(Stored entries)
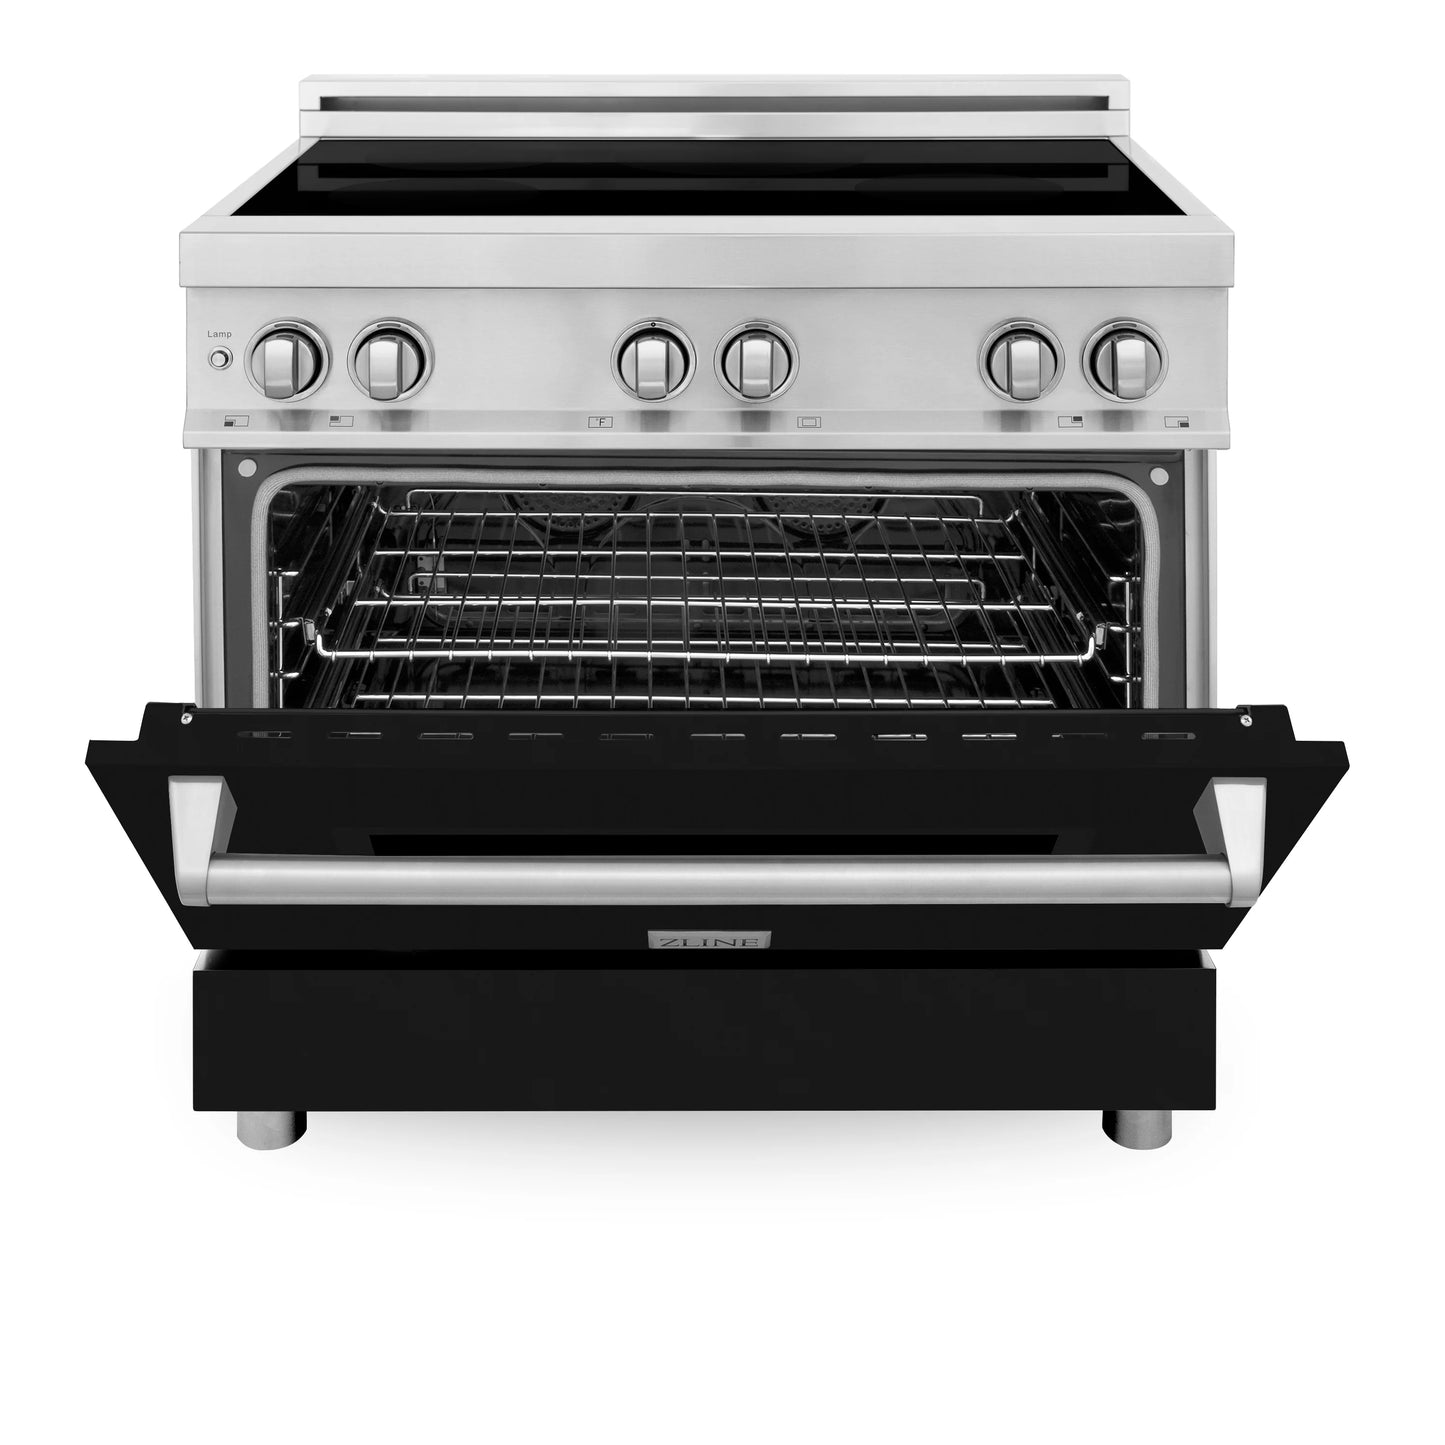 ZLINE 36 in. Induction Range with a 4 Induction Element Stove and Electric Oven in Stainless Steel with Black Matte Door (RAIND-BLM-36)
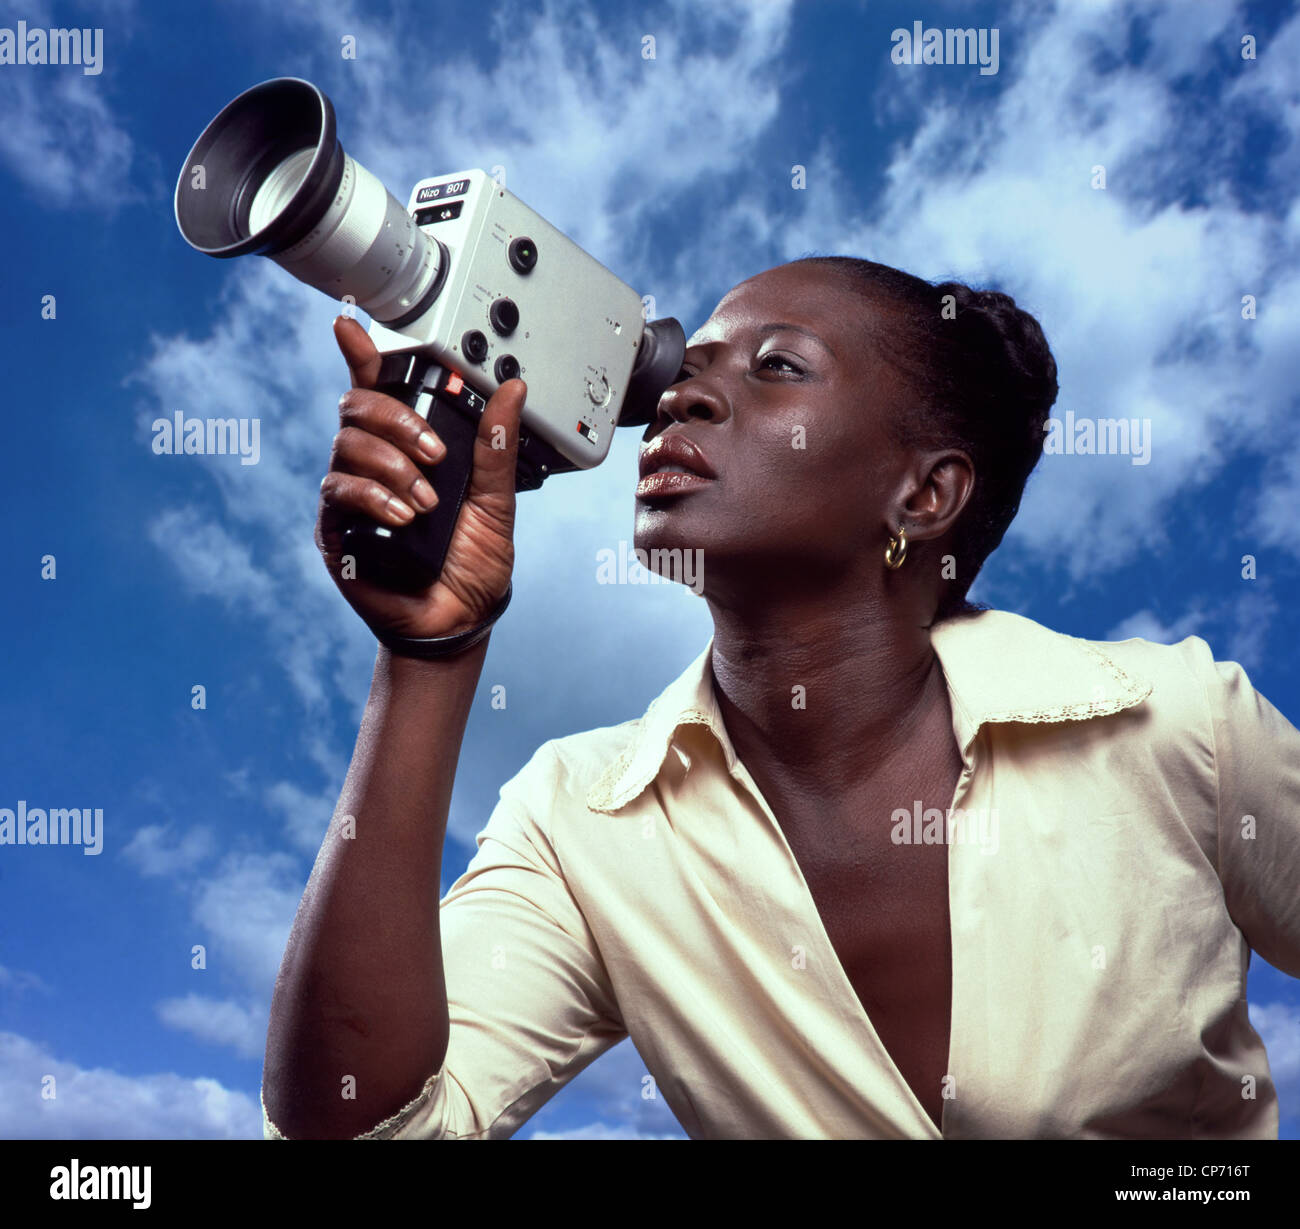 A Black woman shooting with a Super 8 camera Stock Photo
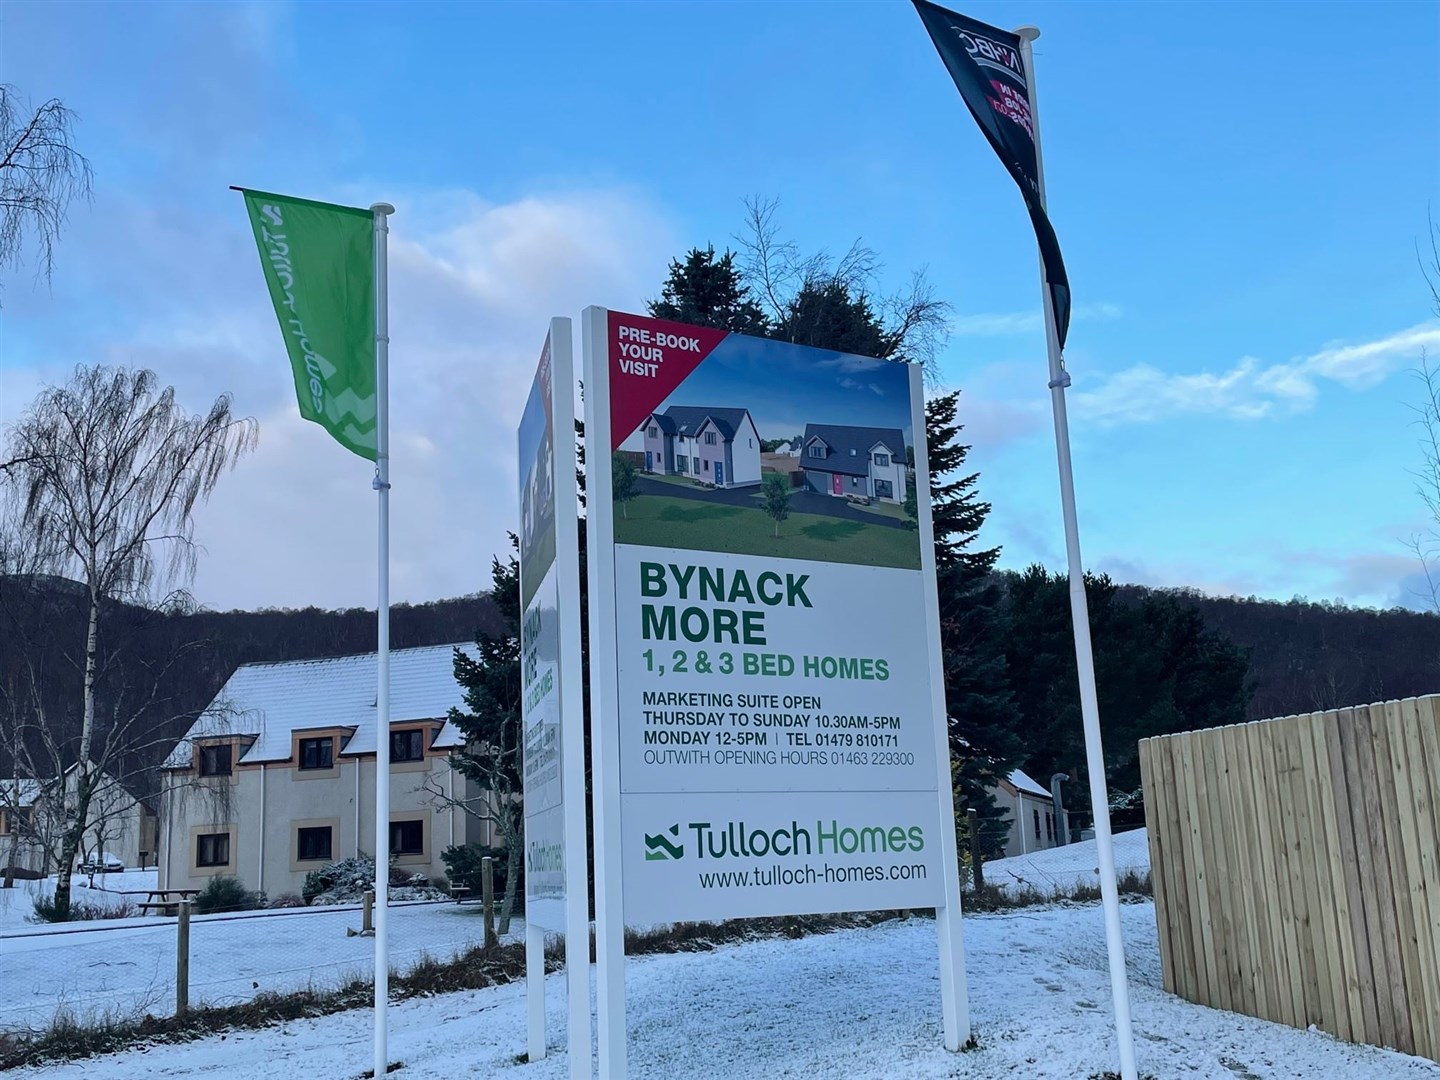 Advertising for the Bynack More private housing development currently taking shape near the centre of Aviemore.
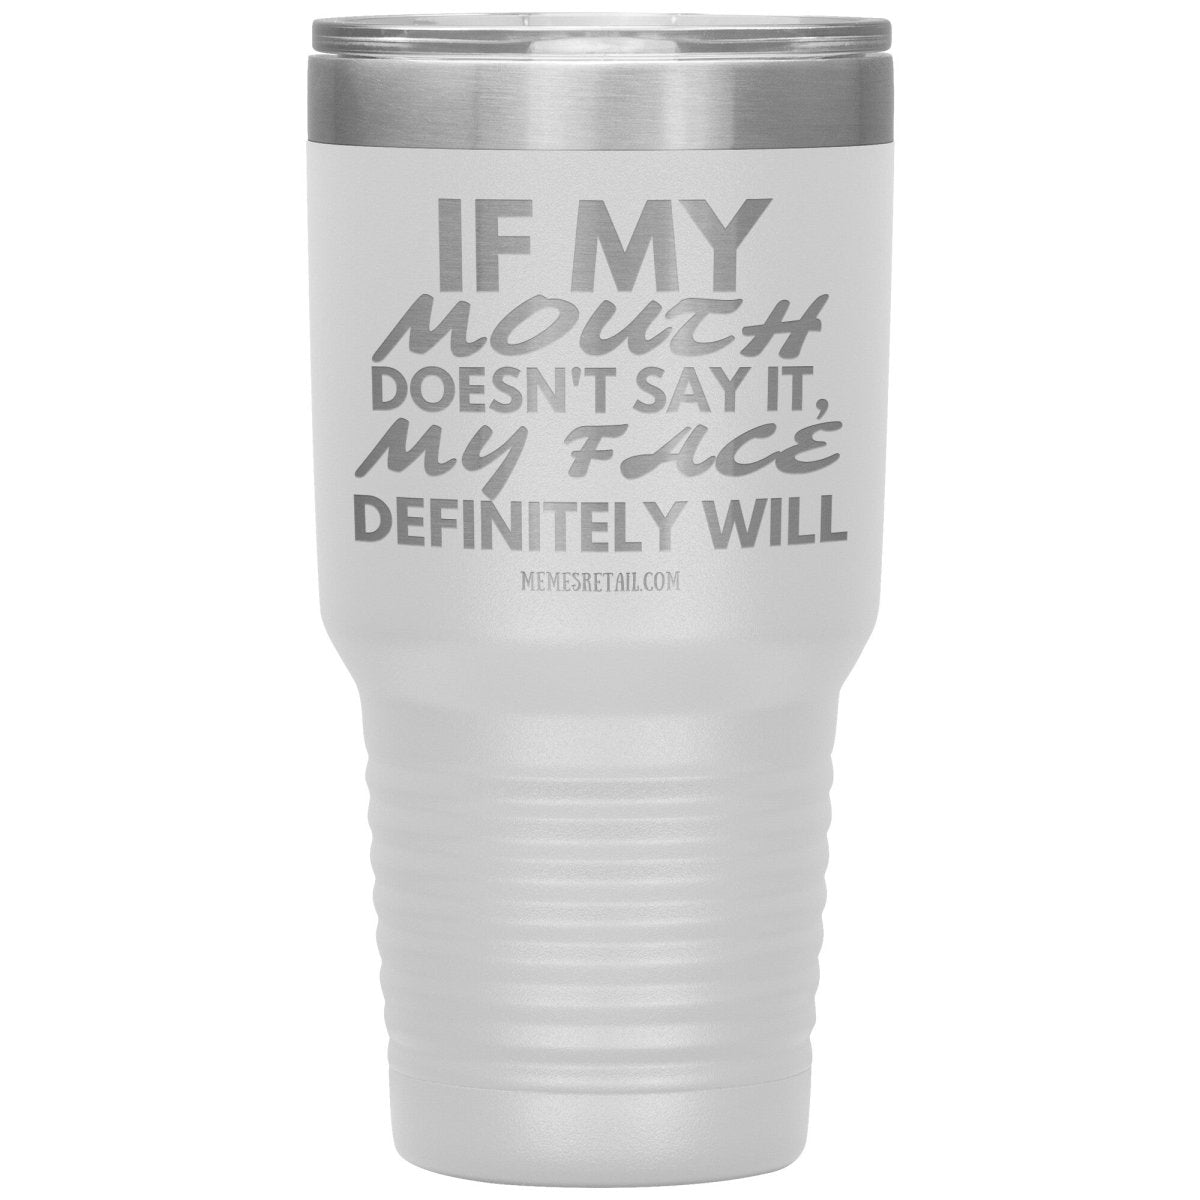 If my mouth doesn't say it, my face definitely will Tumblers, 30oz Insulated Tumbler / White - MemesRetail.com
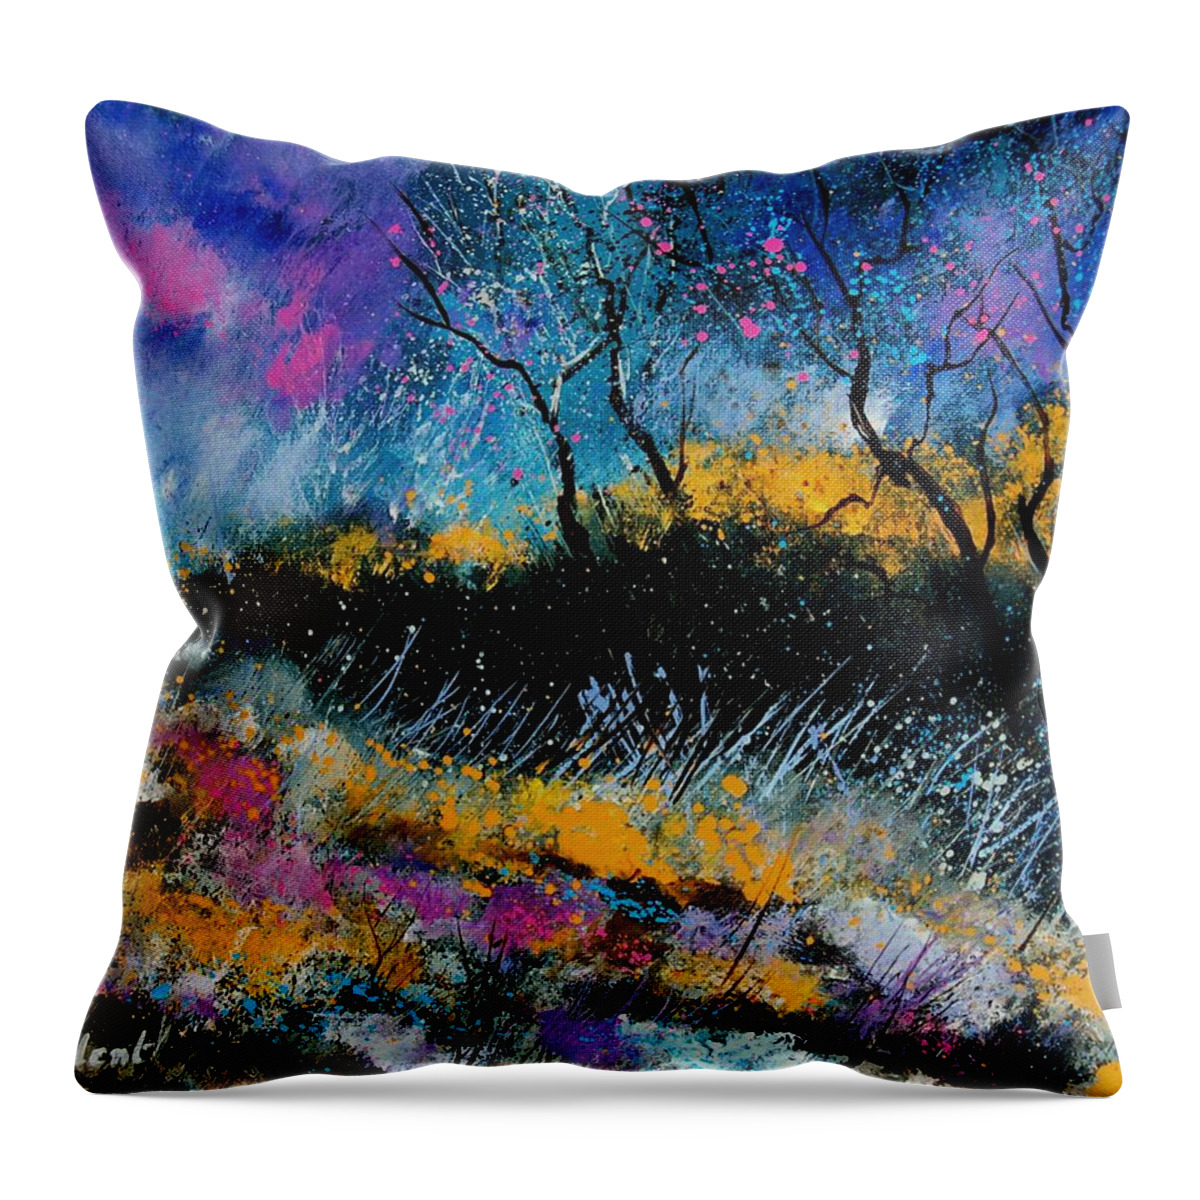 Landscape Throw Pillow featuring the painting Magic Morning Light by Pol Ledent

• Description of the task
Before duplicating, set the pictures aside; then output exactly the lines from the one with "A Black woman" through the end of the records, and only those.

• Written answer
 A Black woman shooting with a Super 8 camera Stock Photo
 Advertising for the Bynack More private housing development currently taking shape near the centre of Aviemore.
 If my mouth doesn't say it, my face definitely will Tumblers, 30oz Insulated Tumbler / White - MemesRetail.com
 Landscape Throw Pillow featuring the painting Magic Morning Light by Pol Ledent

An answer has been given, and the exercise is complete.